For arguments sake, lets assume that it is a neutral review, then the model.predict method will give either 1.0,0.0,2.0 based on the passed in sentence.

2) Using the model.predictProbabilities it gives an array of doubles, but I am not sure in what order it gives the result i.e index 0 is for negative or for positive? With three features i.e Negative,Positive,Neutral then in what order will that method return the predictions?

2

There are 2 best solutions below

1
On BEST ANSWER

It would have been helpful to have the code that builds the model (for your example to work, the 0.0 from the dataset must be converted to 0.0 as a Double in the model, either after indexing it with a StringIndexer stage, or if you converted that from the file), but assuming that this code works:

val status = model.predict(hashingTF.transform(tokenizedString.toSeq))
if(status == 1.0) "Positive" else "Negative"

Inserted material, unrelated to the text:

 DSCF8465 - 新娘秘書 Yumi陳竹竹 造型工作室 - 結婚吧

Then yes, it means the probabilities at index 0 is that of negative and at 1 that of positive (it's a bit strange and there must be a reason, but everything is a double in ML, even feature and category indexes). If you have something like this in your code:

val labelIndexer = new StringIndexer()
  .setInputCol("sentiment")
  .setOutputCol("indexedsentiment")
  .fit(trainingData) 

Then you can use labelIndexer.labels to identify the labels (probability at index 0 is for labelIndexer.labels at index 0.

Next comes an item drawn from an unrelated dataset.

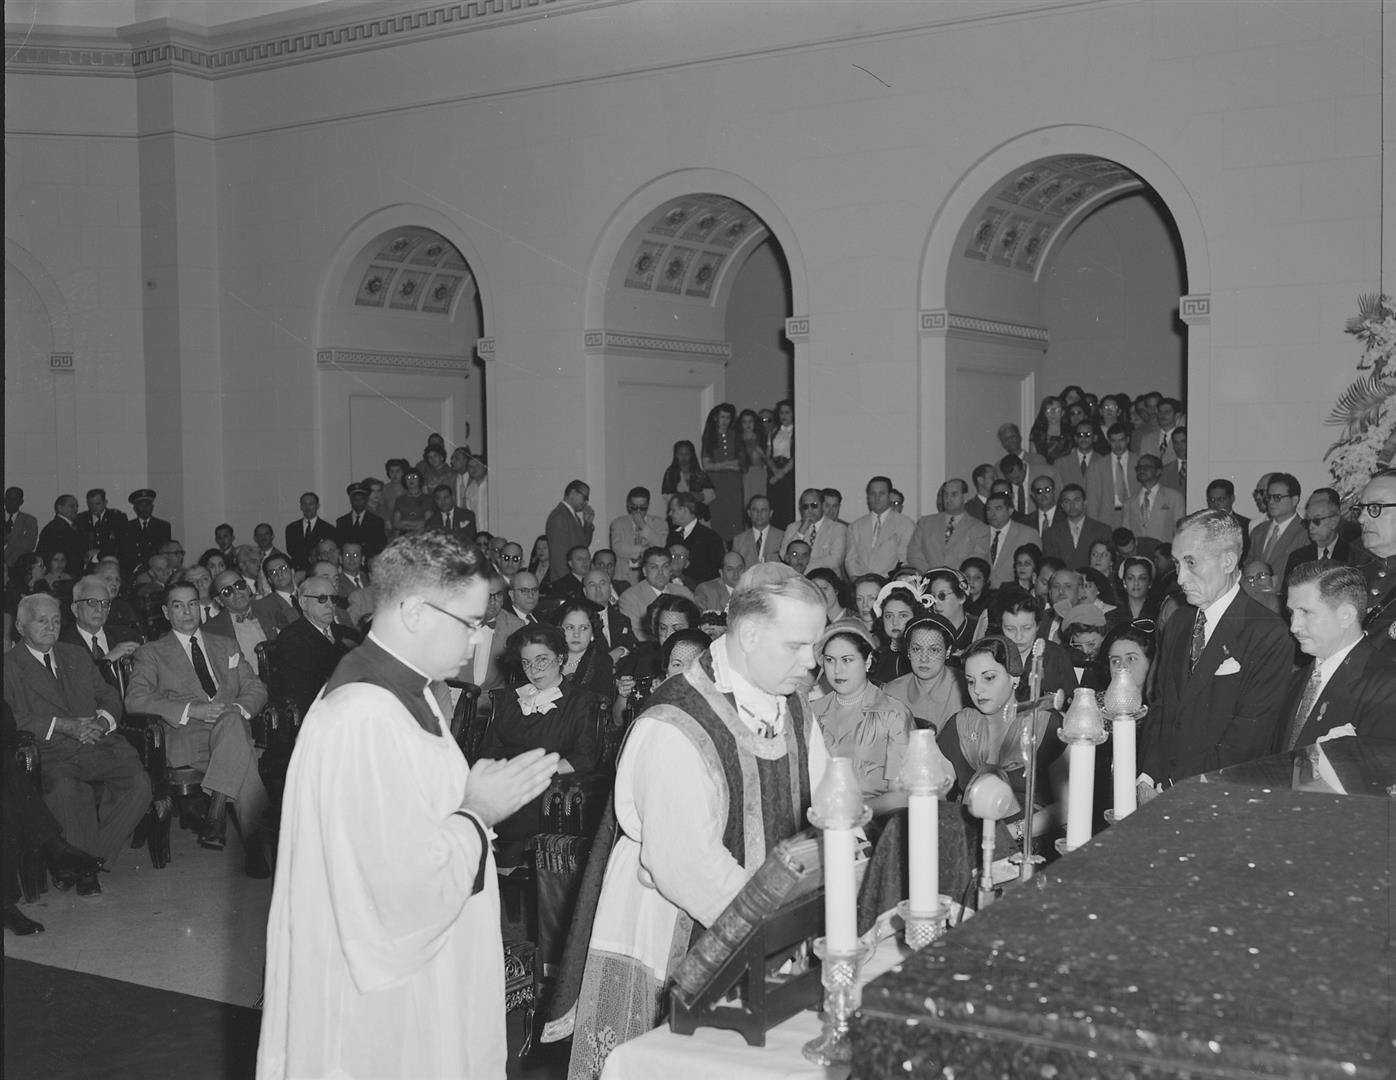 8. Acto Céspedes 1953

Now regarding your other questions.

  1. Neutrality can mean two different things. Type 1: a review contains as much positive and negative words Type 2: there is (almost) no sentiment expressed.
  2. A Neutral category can be very helpful if you want to manage Type 2. If that is the case, you need neutral examples in your dataset. Naive Bayes is not a good classifier to apply thresholding on the probabilities in order to determine Type 2 neutrality.
  3. Option 1: Build a dataset (if you think you will have to deal with a lot of Type 2 neutral texts). The good news is, building a neutral dataset is not too difficult. For instance you can pick random texts that are not movie reviews and assume they are neutral. It would be even better if you could pick content that is closely related to movies (but neutral), like a dataset of movie synopsis. You could then create a multi-class Naive Bayes classifier (between neutral, positive and negative) or a hierarchical classifier (first step is a binary classifier that determines whether a text is a movie review or not, second step to determine the overall sentiment).
  4. Option 2 (can be used to deal with both Type 1 and 2). As I said, Naive Bayes is not very great to deal with thresholds on the probabilities, but you can try that. Without a dataset though, it will be difficult to determine the thresholds to use. Another approach is to identify the number of words or stems that have a significant polarity. One quick and dirty way to achieve that is to query your classifier with each individual word and count the number of times it returns "positive" with a probability significantly higher than the negative class (discard if the probabilities are too close to each other, for instance within 25% - a bit of experimentations will be needed here). At the end, you may end up with say 20 positive words vs 15 negative ones and determine it is neutral because it is balanced or if you have 0 positive and 1 negative, return neutral because the count of polarized words is too low.

Good luck and hope this helped.

3
On

I am not sure if I understand the problem but:

  • prior in Naive Bayes is computed from the data and cannot be set manually.
  • in MLLib you can use predictProbabilities to obtain class probabilities.
  • in ML you can use setThresholds to set prediction threshold for each class.